Baltimore Science Fiction Society
- Abbreviation: BSFS
- Established: January 5, 1963; 63 years ago
- Type: Literary society, 501(c)(3)
- Headquarters: 3310 East Baltimore Street Baltimore, Maryland 21224
- Location(s): PO Box 686 Baltimore, Maryland 21203;
- Origins: Washington Science Fiction Association (WSFA)
- Region served: Baltimore metropolitan area
- Products: Balticon
- Services: Young Writers Contest, Books for Kids, lending library
- Field: Science fiction
- Publication: BSFAN
- Awards: Compton Crook Award; Robert A. Heinlein Award;
- Website: bsfs.org

= Baltimore Science Fiction Society =

Literary organization in Baltimore, Maryland, USA

The Baltimore Science Fiction Society (BSFS) is a literary organization focusing on science fiction, fantasy and related genres. A 501(c)3 literary society based in Baltimore, Maryland, the BSFS sponsors Balticon, the Maryland Regional Science Fiction Convention.

==Activities==

BSFS sponsors a young writers contest for Maryland students named the "Jack L. Chalker Young Writers Contest." BSFS conducts the annual Bobby Gear Memorial Charity Auction to fund the BSFS Books for Kids program which gives free reading books to students in cooperation with a Maryland school/schools.

The BSFS has presented the Compton Crook Award each year since 1983. The award is given to the year's best debut novel in the SFF genre. Compton Crook, who wrote under the pseudonym Stephen Tall, was a science fiction author, long-time Baltimore resident, and professor at Towson University.

Since 2013, the BSFS has administered the Robert A. Heinlein Award.

==History==
The Baltimore Science Fiction Society was first formed on January 5, 1963, on the back seat of a Trailways bus, by people returning from a meeting of the Washington Science Fiction Association (WSFA). Four years later, the group held its first Balticon. This convention was planned in part as a promotion for Baltimore's Worldcon bid.
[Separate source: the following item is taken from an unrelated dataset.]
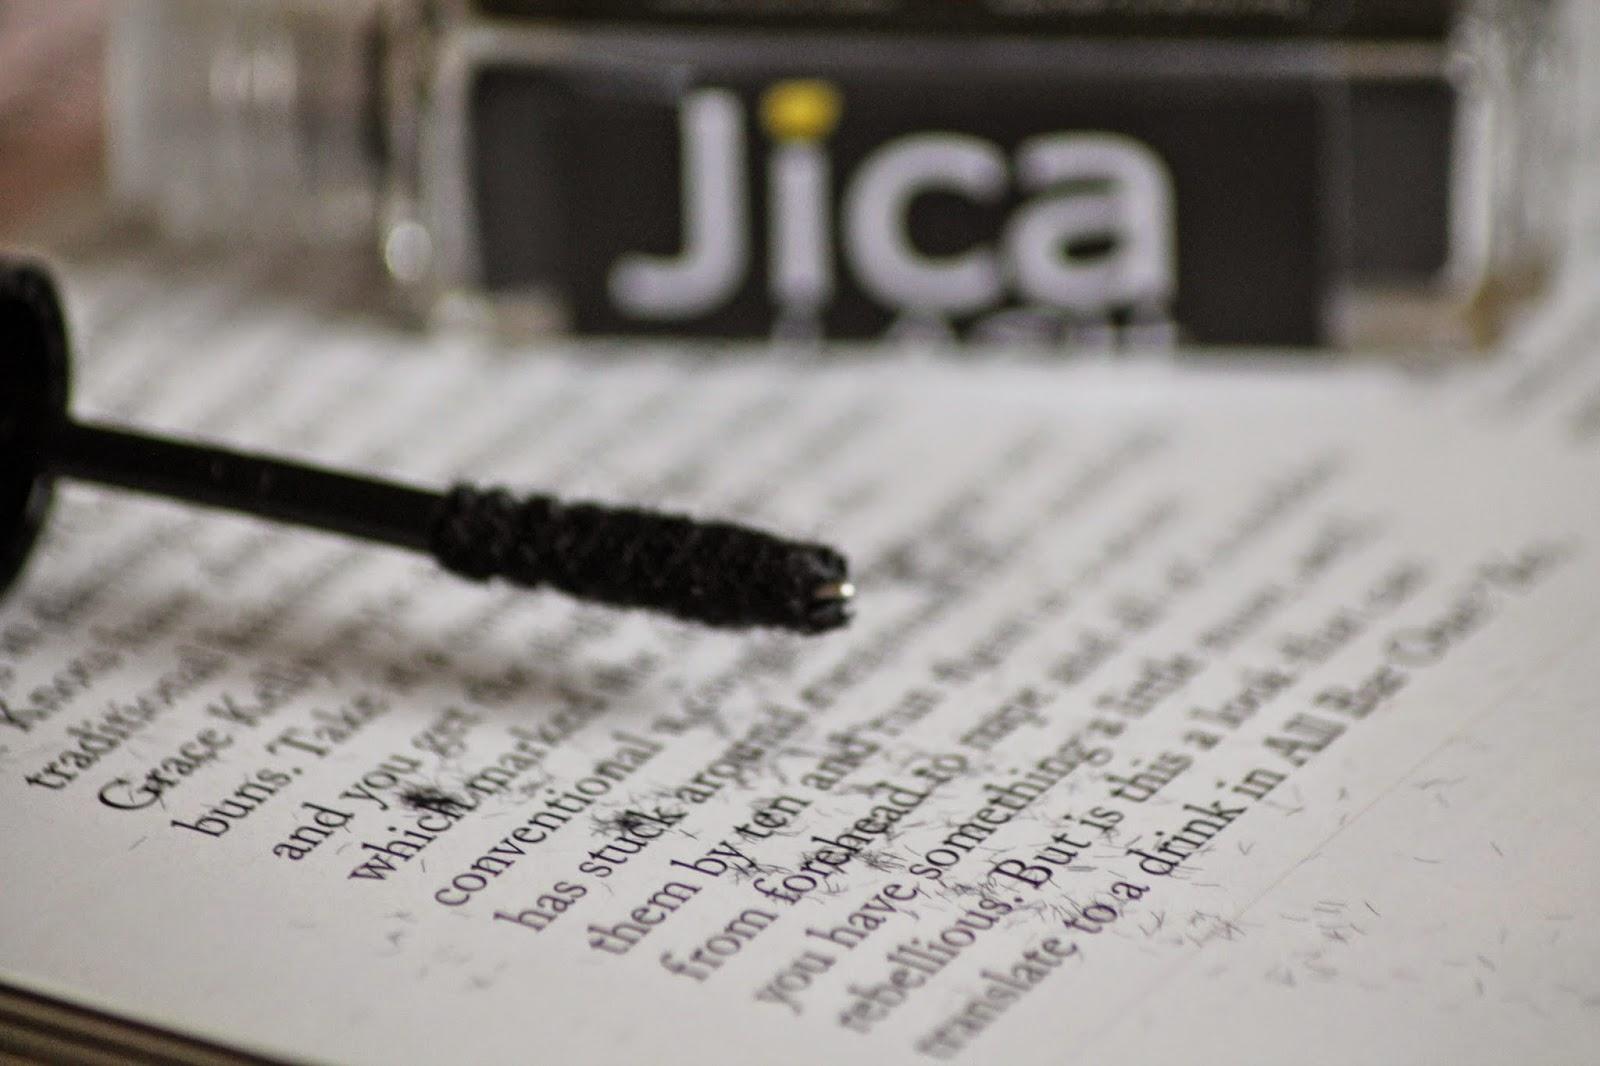 Jica Lash Extension Treatment - Aspiring Londoner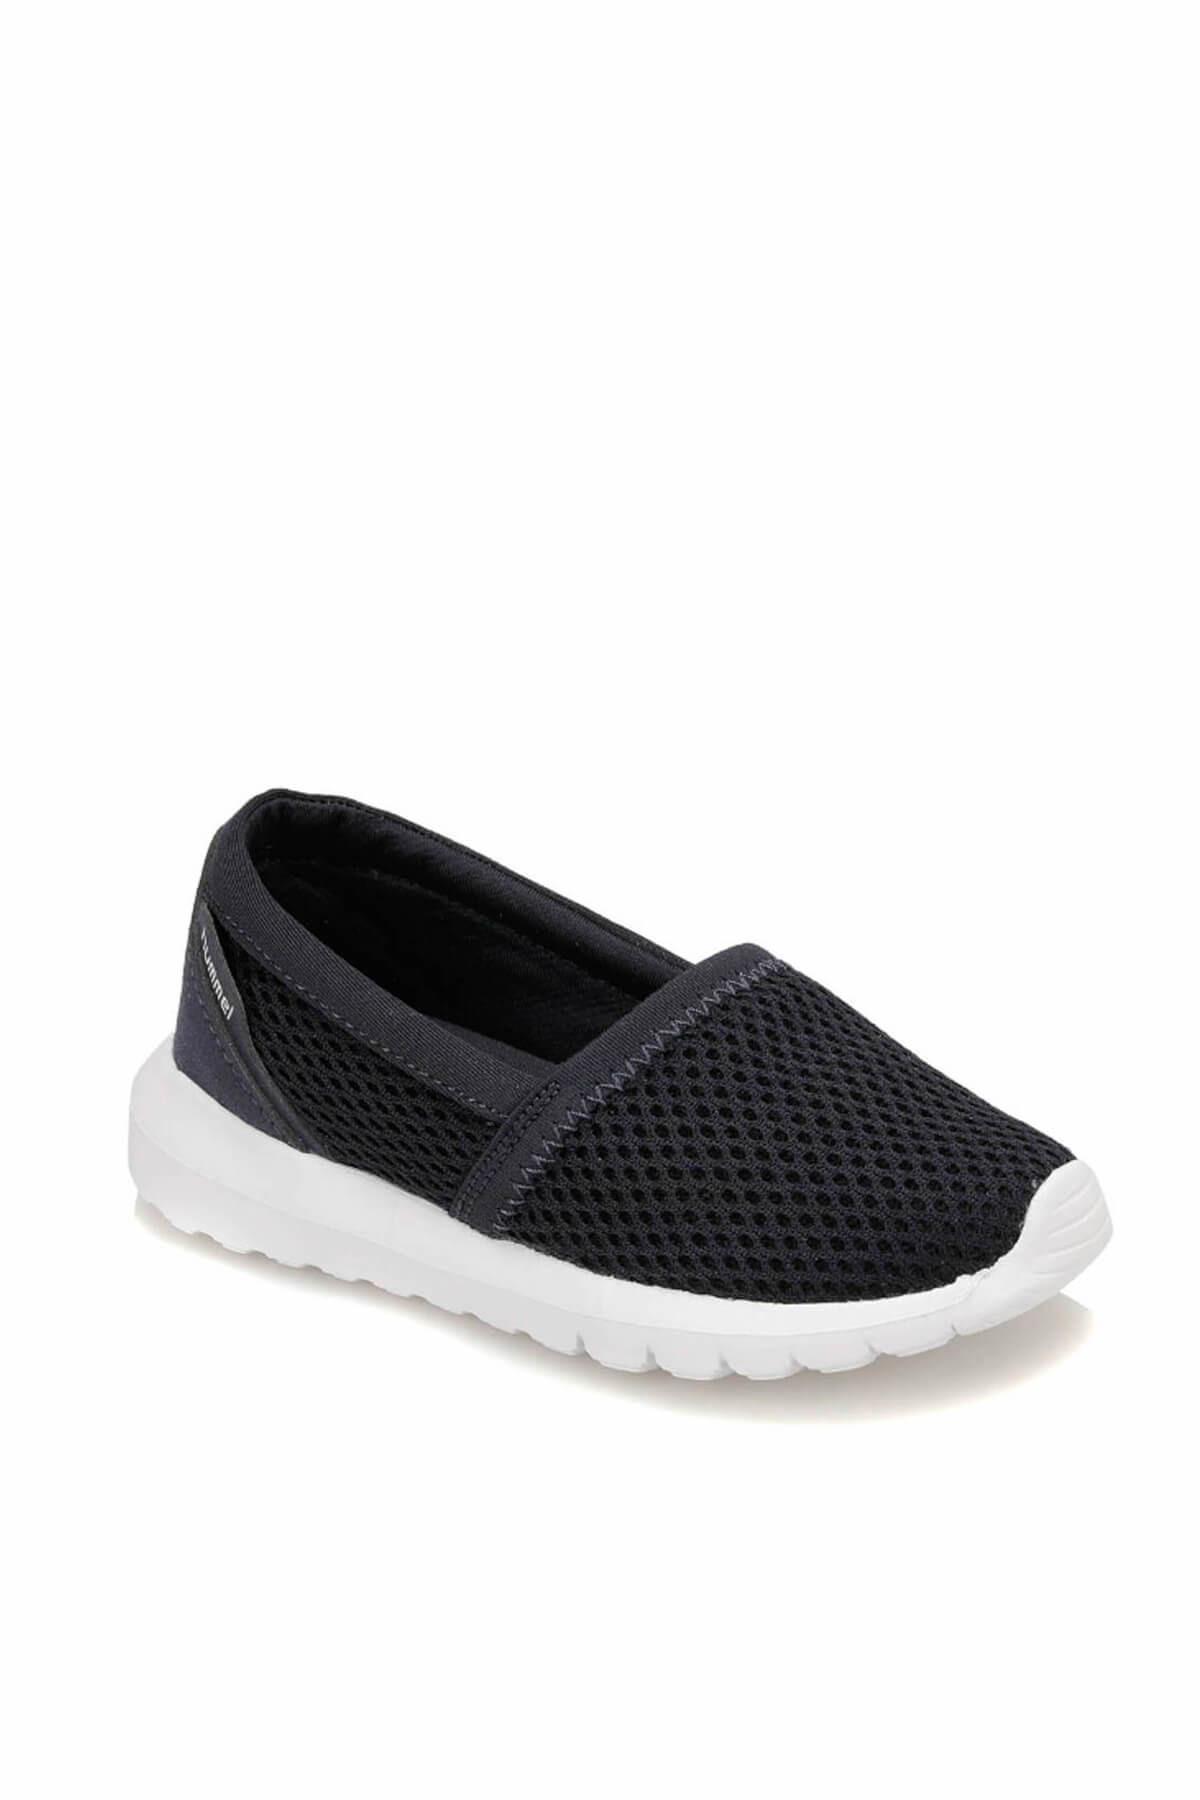 HUMMEL KIDS Hummel 201228-7459 Lacivert Kız Çocuk Sneaker 100321274 2

The club went into suspension in 1968 and was re-organized in 1974.

===Tax exemption lawsuit===

In 2001, the BSFS applied for a property tax exemption on the basis that its building was used for educational purposes. The State Department of Assessments and Taxation (SDAT) denied the exemption. BSFS appealed to the Tax Court, which reversed SDAT's decision. SDAT appealed to the circuit court, which ruled that promoting science fiction was not an educational purpose. Finally, BSFS appealed to the Court of Special Appeals, which reversed the circuit court decision and granted the exemption.

Throughout this process, SDAT argued that BSFS was a social or hobby club, not educational. The Tax Court rejected SDAT's narrow definition of "educational purposes", finding that there is "a certain affinity between 'educational' and literary functions and activities."